The following day, when we told our friends who live in Hebron what had happened, they said, “Settlers.” Nothing unusual or extraordinary, just the usual Saturday night settler activity. Welcome to Hebron. Welcome to the occupation by night.

Annette Thomas

A warm welcome in Jenin (Photo by Michael Keating).
 

Having attempted and failed on two occasions to enter the Palestinian refugee camp in Jenin, I finally succeeded in April of 2005. I had become obsessed with the Palestinian crisis after visiting the West Bank and Gaza with a friend shortly after the Jenin massacre in 2002. A desperate need to connect with the people, to understand how something so violent and devastating had not broken their spirit turned this trip into a personal mission. The Israeli military raid of the Jenin camp that took place in the dead of night, leaving the Palestinians no chance for resistance, had become a human tragedy. Countless homes were demolished before the residents had a chance to evacuate. Scores of innocent people died. Somehow the survivors found the strength and courage to rebuild their lives.

I was taken to the home of a Jenin family, headed by a woman who had the sole responsibility of raising not only her children but the children of her brother and his wife, each of whom had been falsely imprisoned: he for five years, she sentenced to three consecutive life terms. In desperation, their 12-year-old daughter had written to U.N. Secretary-General Kofi Annan for his support in the release of her mother, and was planning a trip to New York City to meet with him. As I listened to my hostess’s story—her husband, twin sons and cousin killed by occupation forces, mother harassed to the point of a heart attack and death, and the false imprisonment of her brother and sister-in-law—I struggled to make sense of this human cruelty. I studied her face for telltale signs of the effects of the occupation. Anguish, pain, distrust: they were all there. Yet, as the minutes passed, the children, beautiful, giggling children, almost 10 of them, started warming up to and embracing the stranger who had traveled, with her peace team, thousands of miles to learn their stories and help make the rest of the world aware of their plight. Having been taken to their rooms, showered with gifts, hugs and kisses I was overwhelmed by the love they shared with me. I became their friend, a friend who would have to leave but could never, ever forget them.

Twyla Meyer

An Israeli military checkpoint bars Tulkarm farmers from their land.
   

We arrived in the city of Tulkarm around noon on Tuesday, April 19, 2005. With a population of about 50,000, the city lies near the northern Israeli border. ISMers met E. and me at the bus stop and we walked to the office of the ISM Palestinian coordinator. He took us on a tour of the last completed piece of the wall. Now, when the gates are shut and locked, the entire population is imprisoned.
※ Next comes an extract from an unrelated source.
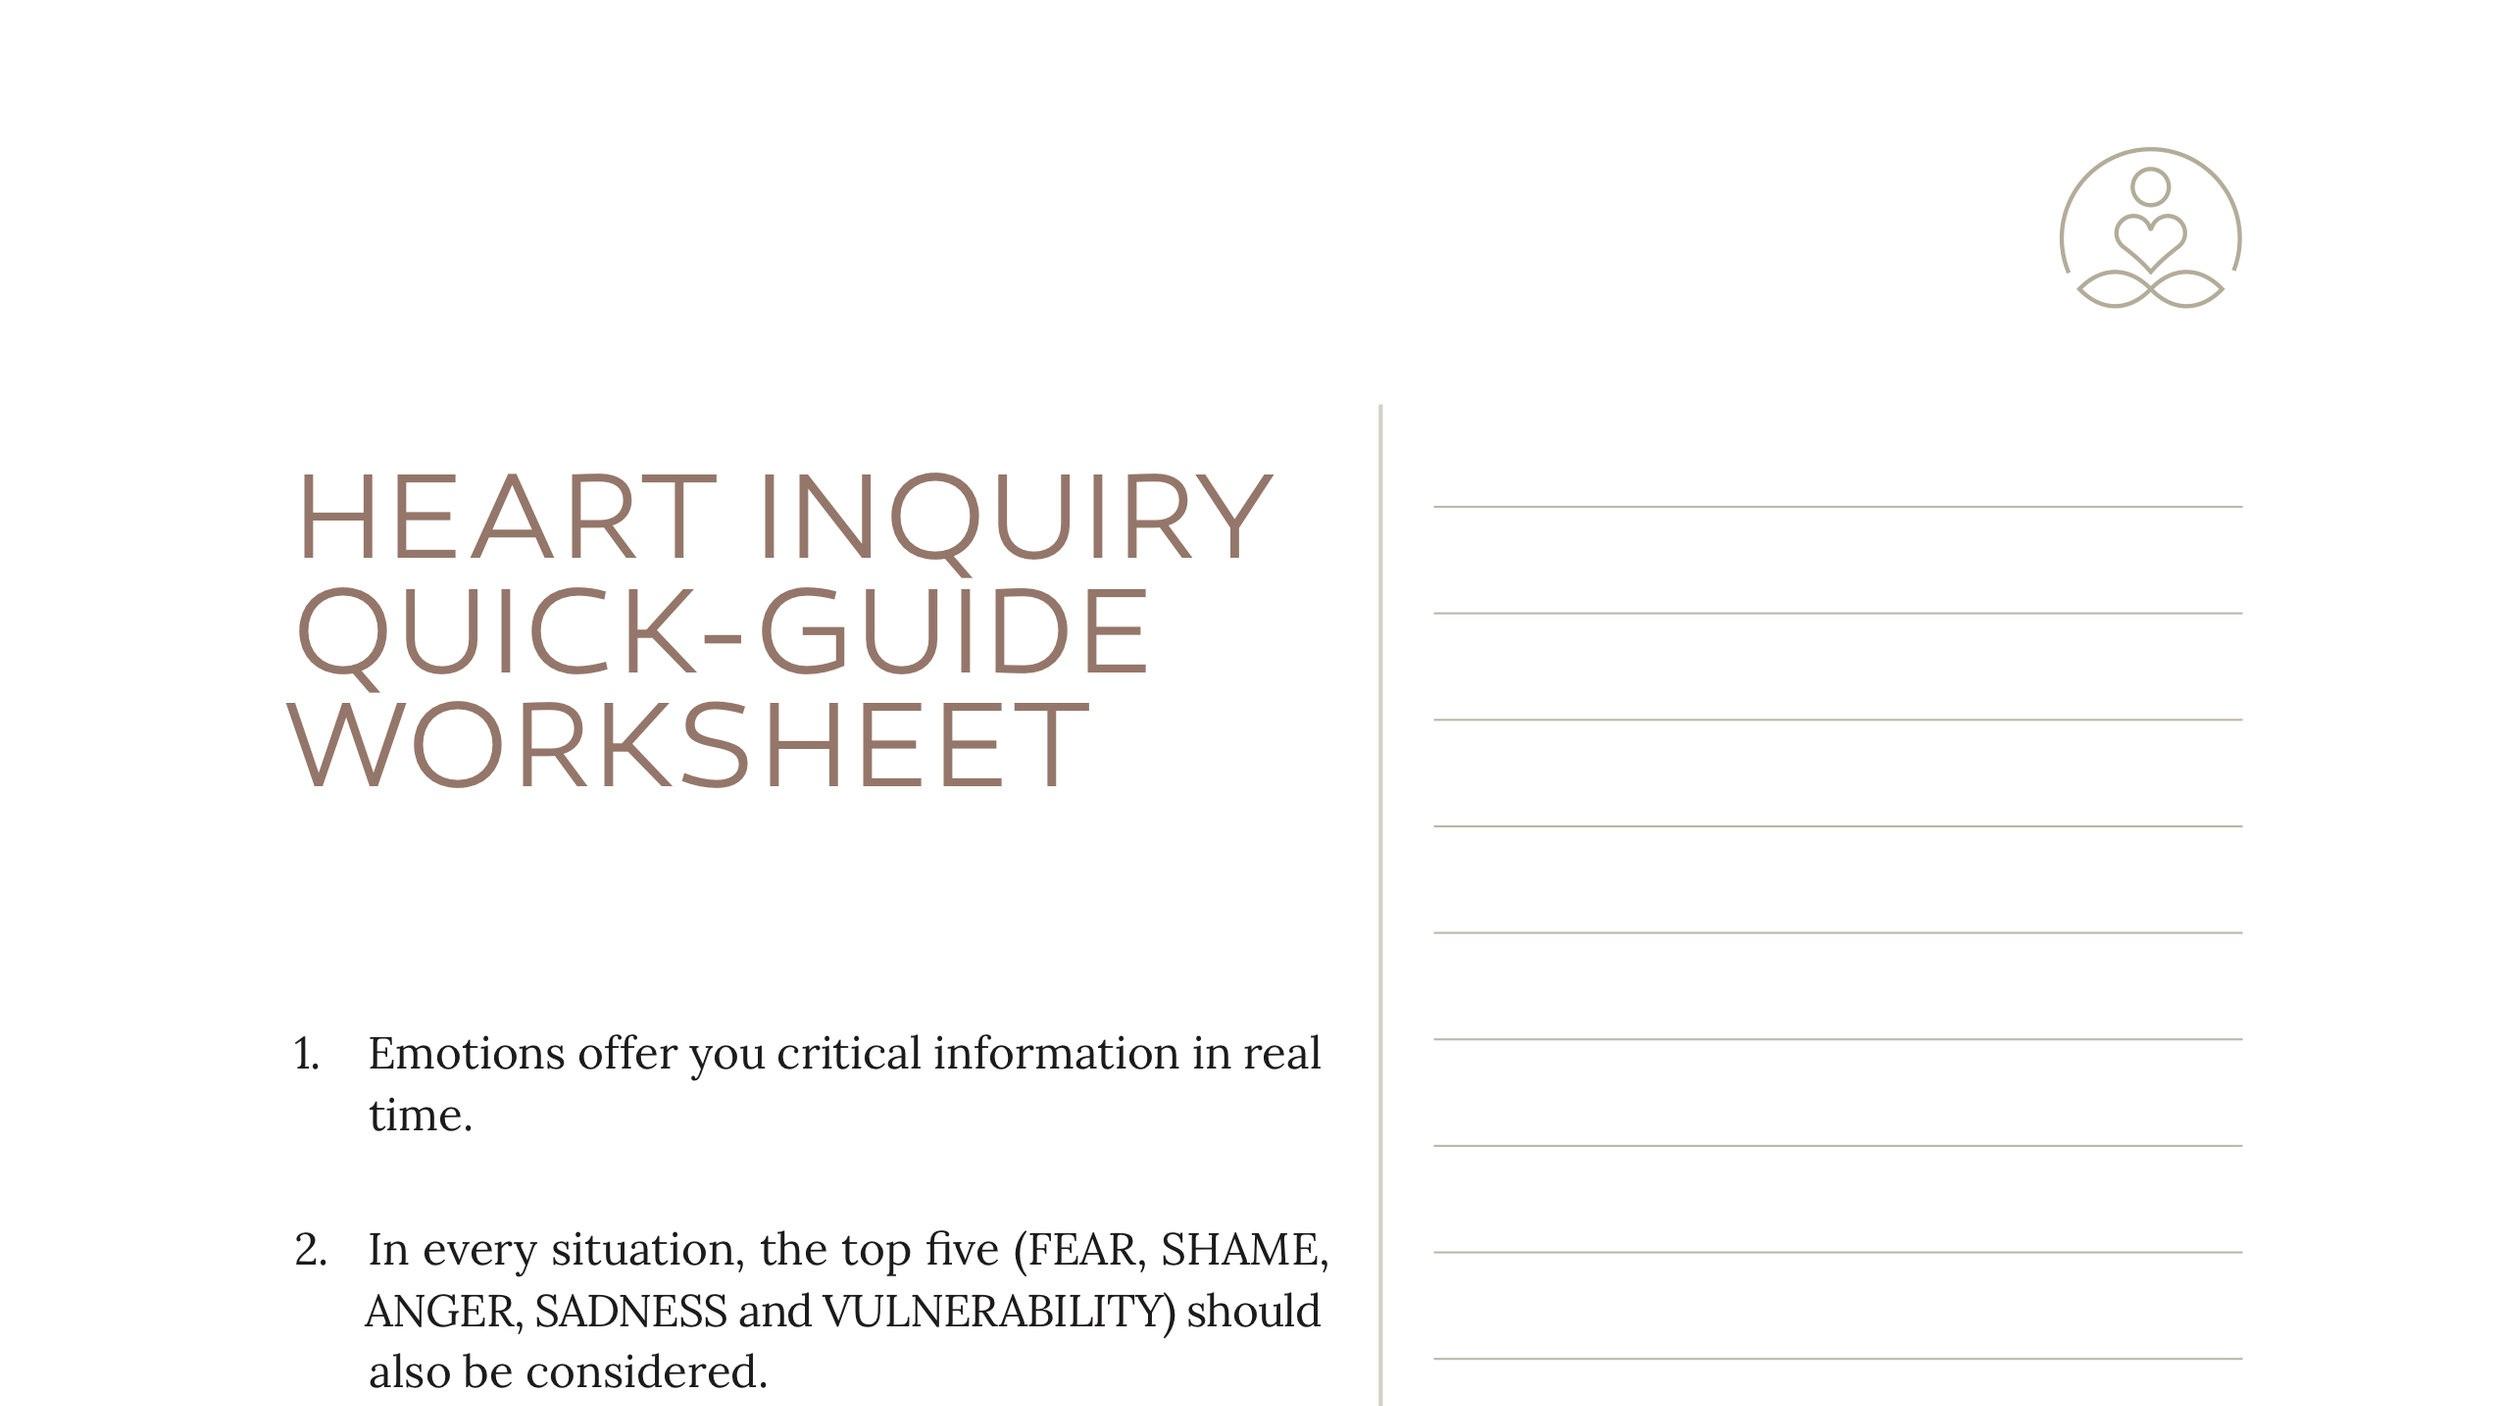 Heart+Inquiry+Quick+Guide+Worksheet.jpg

Later we went to the outskirts of town to wait at a gate for the Palestinian farmers to return from their day’s work in the fields and groves located outside the series of fences and gates. On a yellow sign attached to the gate the Israeli military posts when soldiers will be there to allow the farmers through. Some mornings, however, the Israeli forces don’t bother to show up, making it impossible for the farmers to tend to their crops. In the afternoon the soldiers make everyone wait until all the farmers are accounted for before letting anyone back in. There is not shade from the sun, or shelter from the rain. Today, to show their disdain for the internationals observing the process, the soldiers treat the farmers with increased and obvious disrespect.

The next day we visited the Tulkarm Social Work Committee. Sarif, the director, describes the conditions under which many of the people live. Unemployment, poverty and disillusionment have taken their toll on families, he tells us. Fathers and mothers are often unable to feed or care for their children. Even though the Social Work Committee volunteers are doing their utmost, they fear they cannot overcome the level of hardship.